Imam Hasan Asgari mosque is also located in Qom near Alikhani Bridge and next to Astane Street is the monument of 11th Shia Imam Hasan Asgari. It used to be called the Atigh Friday Prayer Mosque. According to various accounts, it was built by the Imam’s representative Ahmad-ebne-Eshagh Ashari in the 3rd Islamic century. Since then, this monument has been renewed on several times. Today, the oldest part of the monument is the southern veranda, built in 1750.

The Imam Hasan Mosque has always held in high esteemed. Since the 9th Islamic century, the custodians of Astane Moghadase have been taking care of this mosque. Rebuilt in the late years of the Safavid period, today only the southern veranda remain standing. This monument sustained extensive damage during the Qajar flooding.

Baghe Gonbade Sabz (Green Dome Garden):

At the end of Qom’s Chahar-Mardan Street and inside a small garden called Baghe Gonbade Sabz the Green Dome Garden, there are three historical monuments remains from the 8th Islamic century. It is known as the Kashan entrance. According to available historical documents, two domes of this site are the tombs of the rulers of the Ali Safi house - independent sovereigns of Qom.

The inscription of the third dome has been destroyed and no one knows when it was made and who made it but going by documents from different sources this third dome historically-speaking date back to the same period and probably also belongs to the other members of Ali Safi House.

The people of Qom call this collection of mausoleums, ‘Sad, Said and Masoud’, who were three senior Ashari Arabs that revitalized Qom during their time.
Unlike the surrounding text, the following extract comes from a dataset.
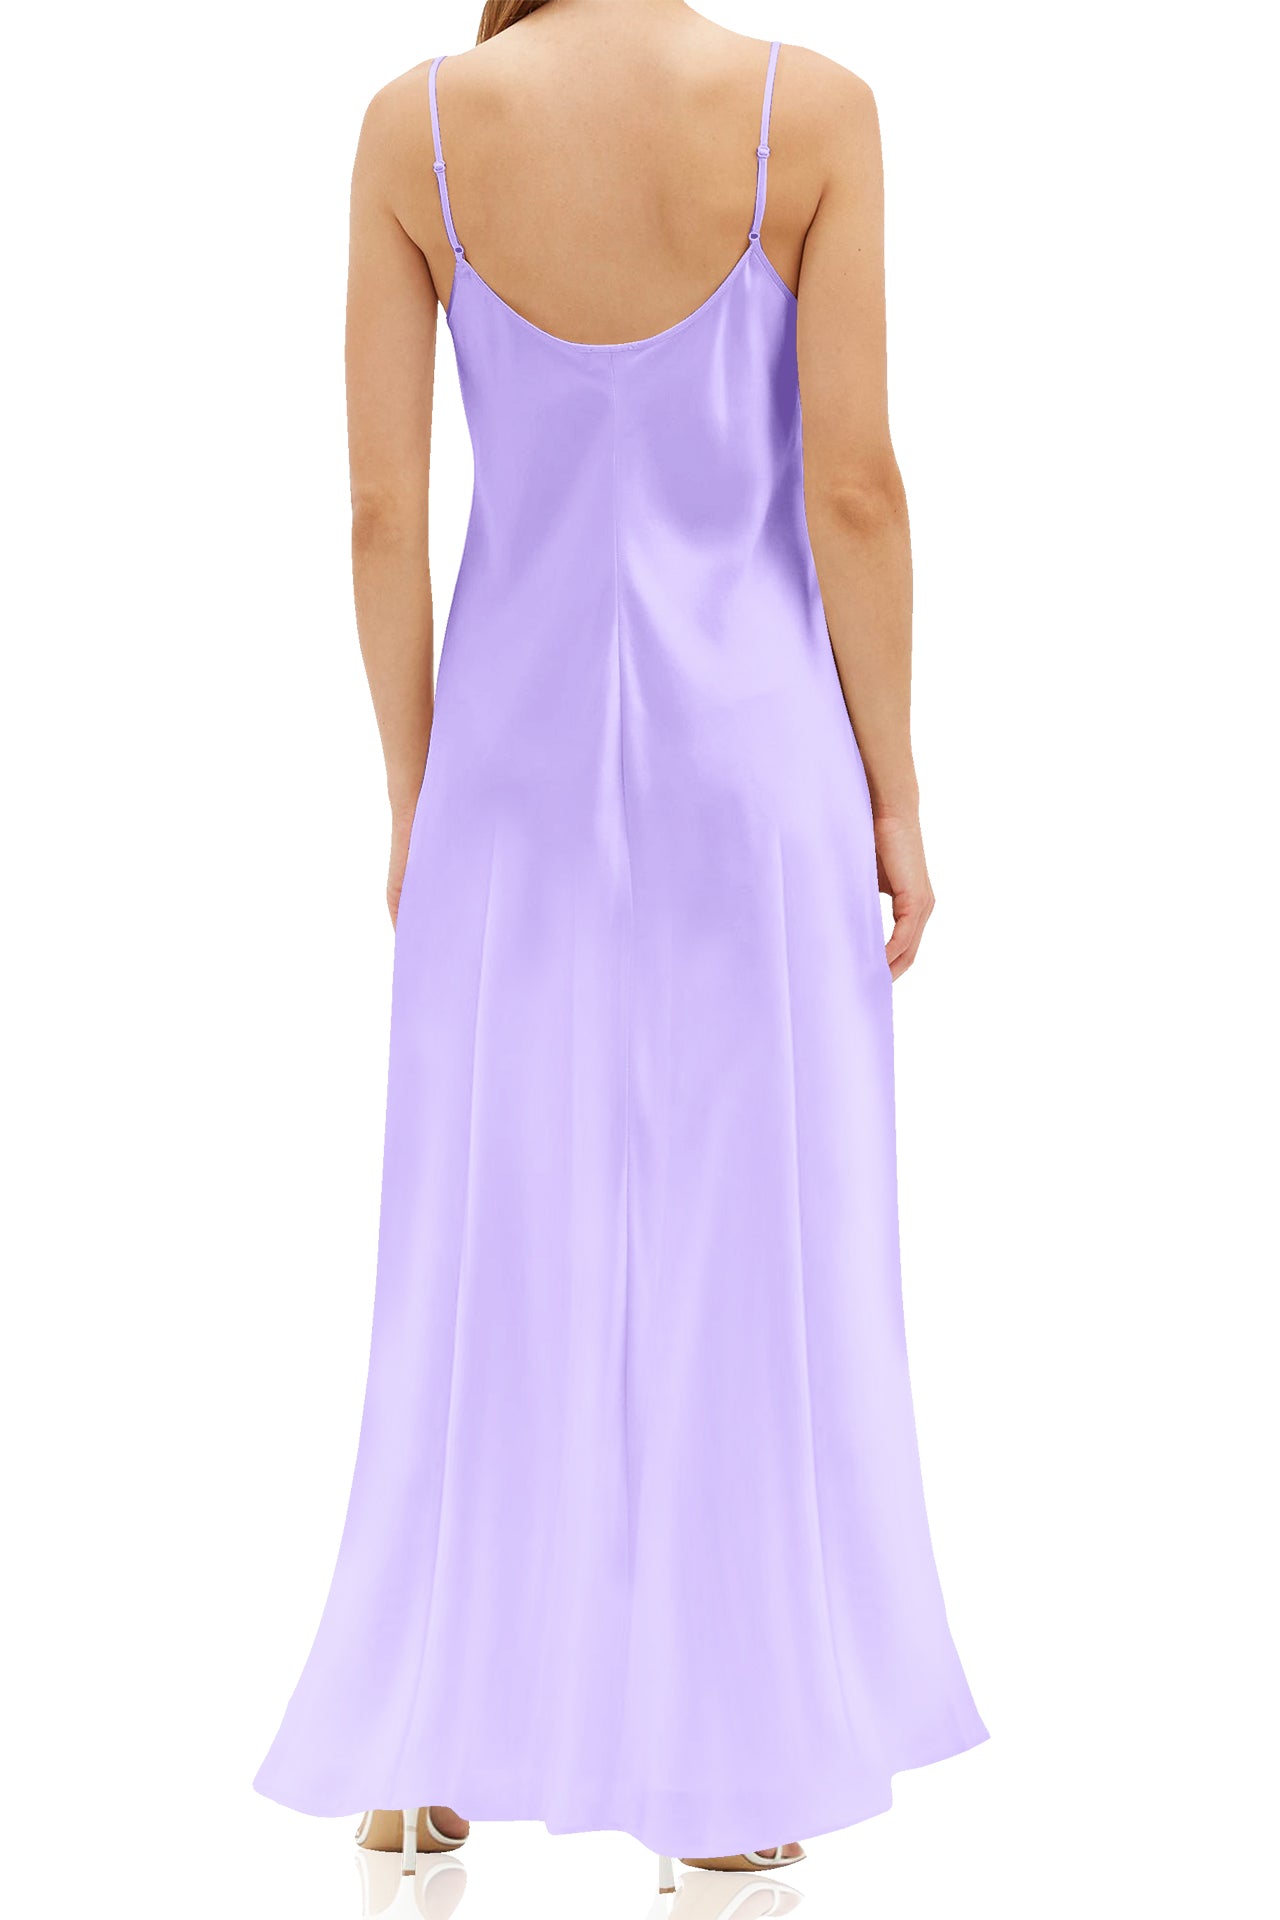 "cami dress long" "purple maxi slip dress," "floor length slip dress" "Kyle X Shahida"

The plasterwork at these three monuments is one of the kind: 1) the tomb tower of Khaje Asilodin representing the tomb of two rulers of Safi house in 761 A.H. 2) The tomb tower of Khajeh Ali Sali representing the tomb of three rulers of Safi house in 792 A.H., and 3) the northern tomb tower belonging to late 8th and early 9th Islamic centuries.
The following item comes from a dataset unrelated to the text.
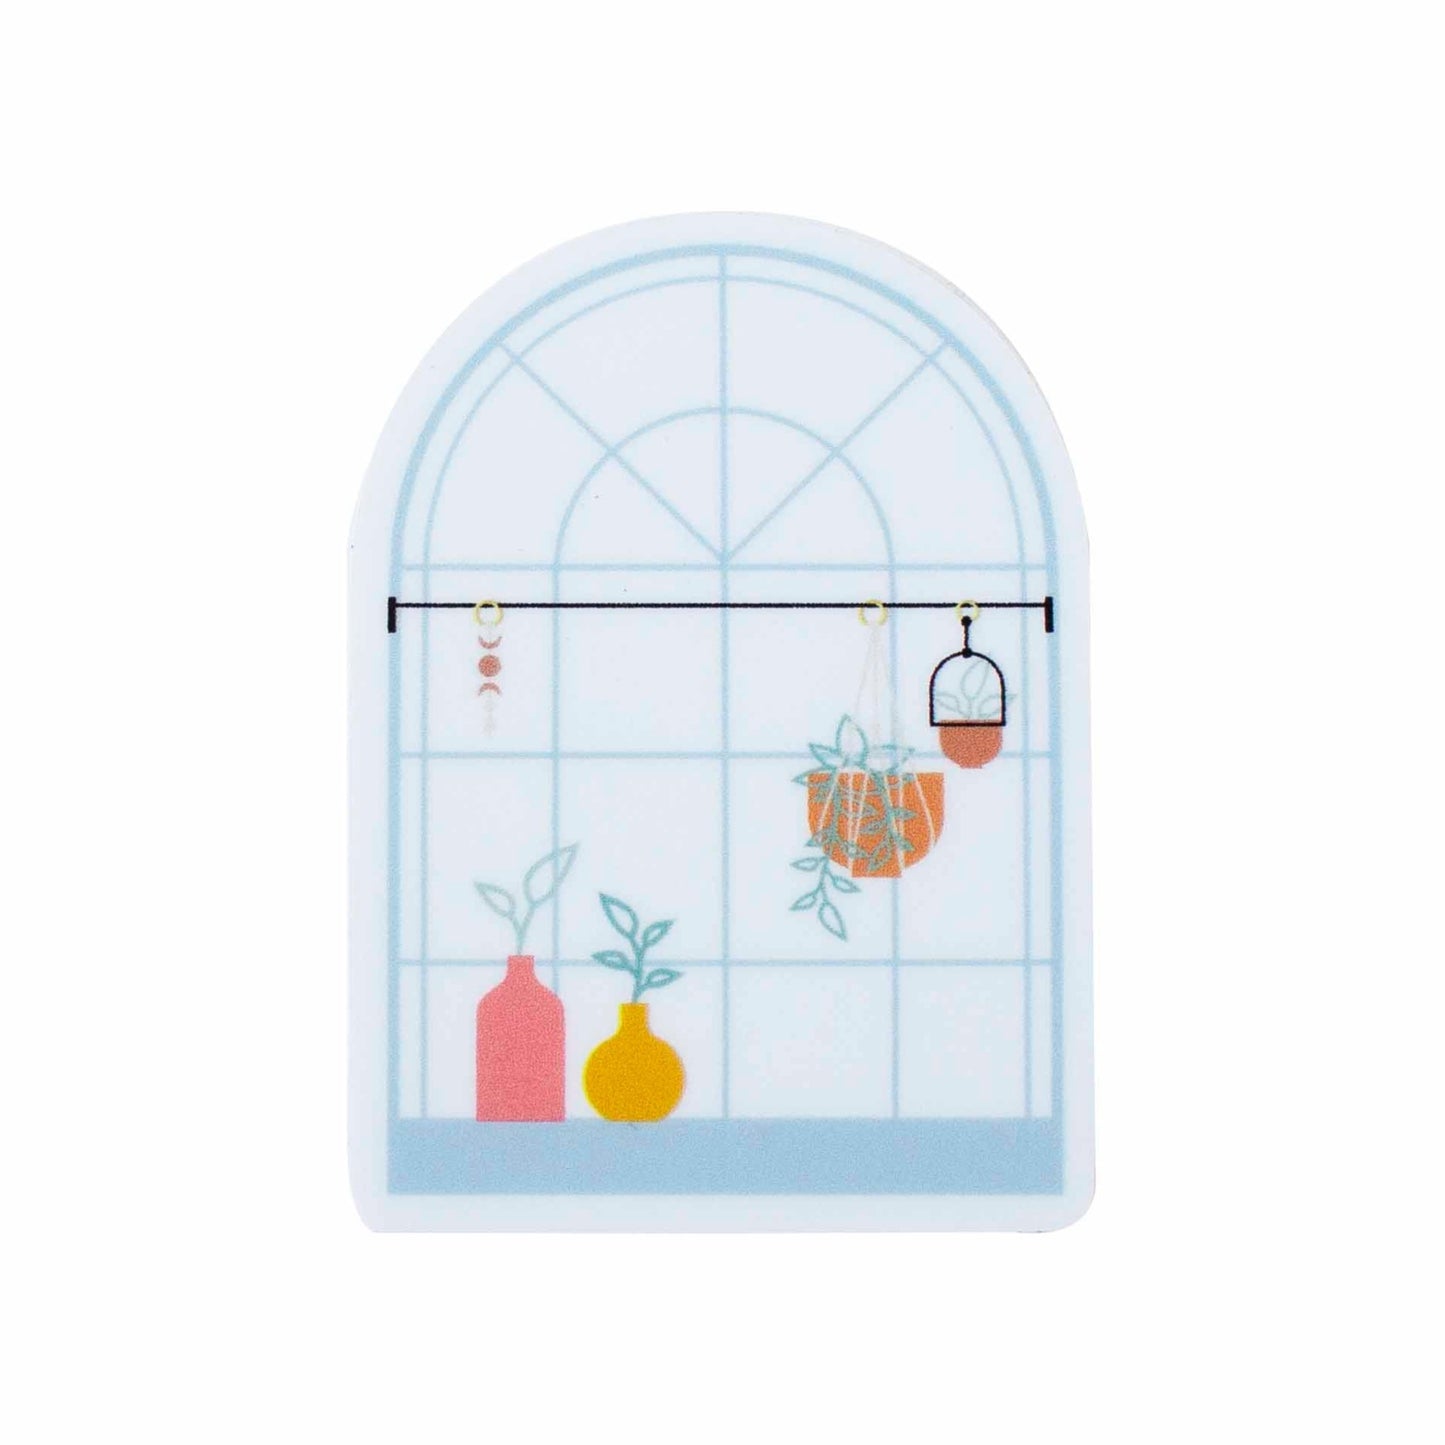 Greenhouse Window Sticker

The tombs at the Green Dome Garden were registered on the national heritage list in 1931. The tomb towers located in the garden include a southern dome, middle dome, and northern dome.
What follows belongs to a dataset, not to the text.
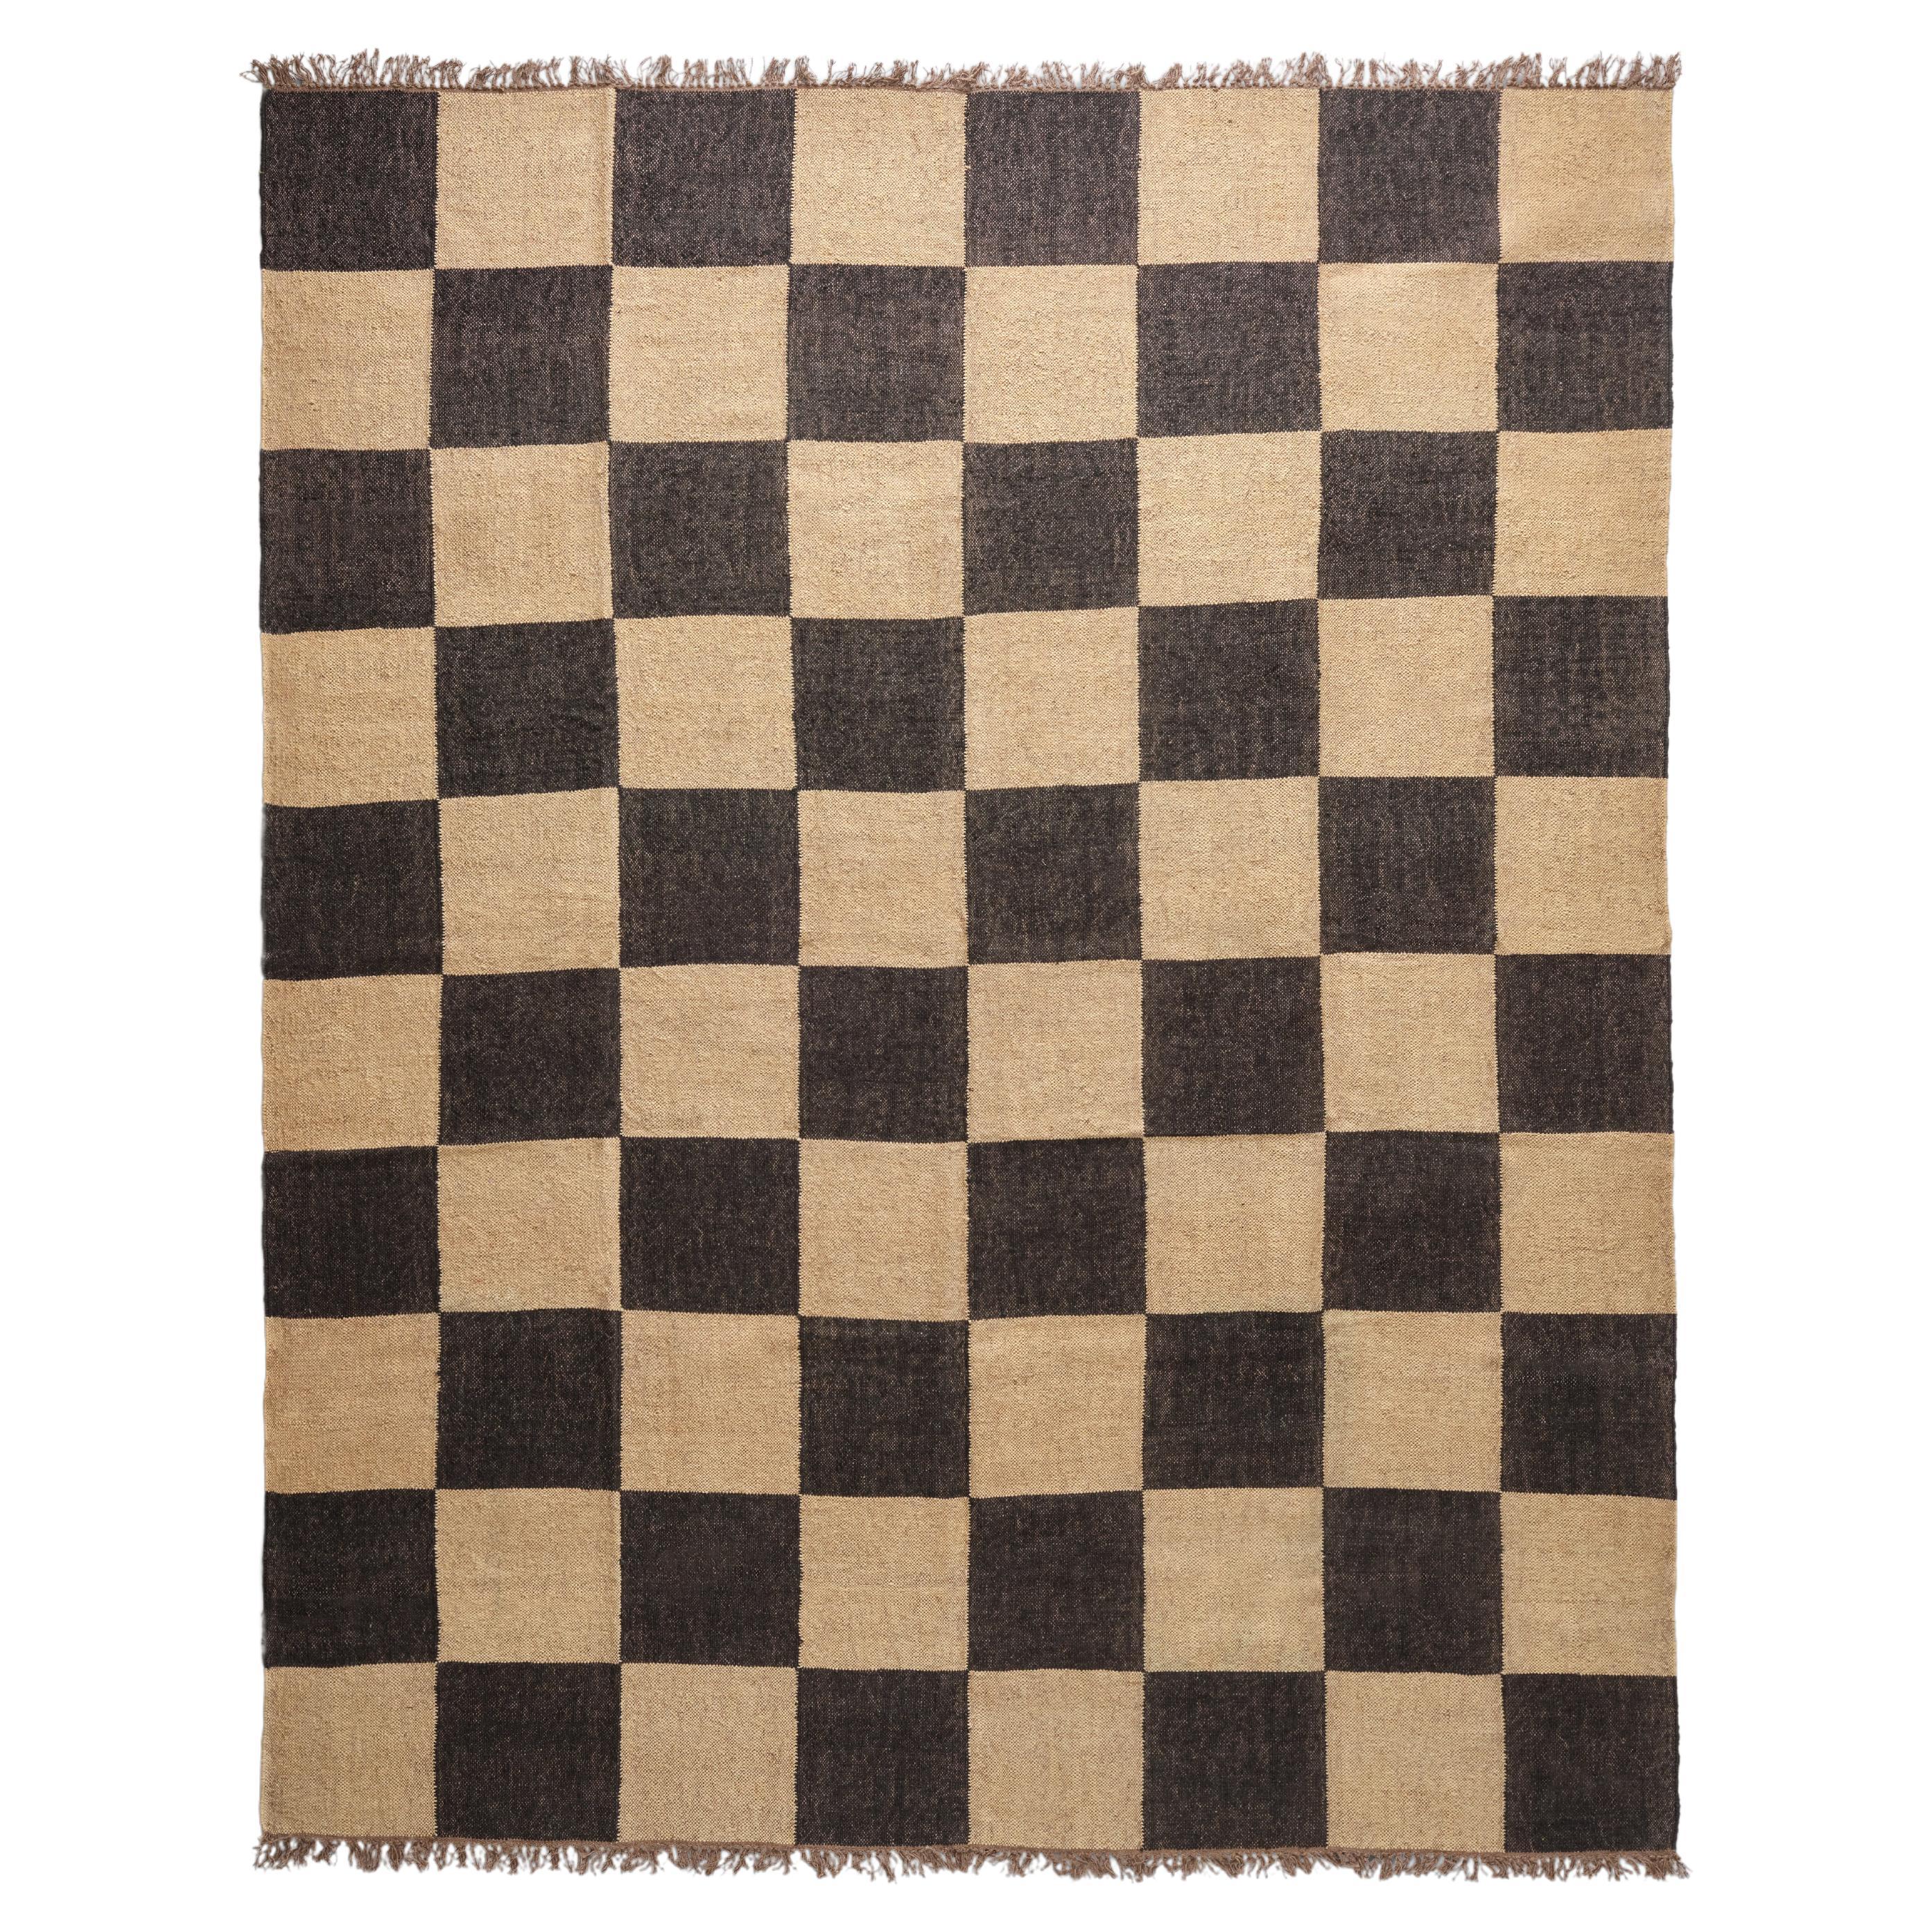 The Forsyth Checkerboard Rug - Big Checks in Off Black, 11x14

From among the valuable remembrances of the Persians architecture are the old caravansaries were built in past eras in a different communicative, economic, military, geographical and religious environment and then gradually over time developed and expanded.

Stone Caravansary:

Two kilometers from Mohammad Abad village stands a clay castle on the edge of Qom road. In the north of the village, two castles exist: one is famous stone castle and Islamic monument; and the other is called ‘Clay Castle’ and is made of mud. It is located north of Sefid Kouh (White Mountain) in the lower north region of Qom province. According to collected documents, this castle belongs to the Ashkani era and was reside in succeeded historical period.

The castle is 45 meters long and 29.5 meters wide with various heights, but not higher than 10 meters.

The castle may have served as a protective outpost monitoring travelers entering via Varamin and the fringe of Ray into Qom district. It would have been portrayed as the landmark entrance to the city.

Stone Caravansary located in Qom road, in the 35 kilometers from Qom city. It is a four-veranda caravansary, which lies in ruin and belongs to the Safavid period. The construction material used is mainly stone and has four semi-circle shaped towers on the western and eastern sides.

Qom owes most of its global recognition to the holy shrine of Hazrat Masoumeh (PBUH), which glitters like a diamond setting in the middle of the city and every year attracts a large number of pilgrim visitors.

It is the smallest province of Iran, but is conveniently situated on the main interstate highway linking several major cities.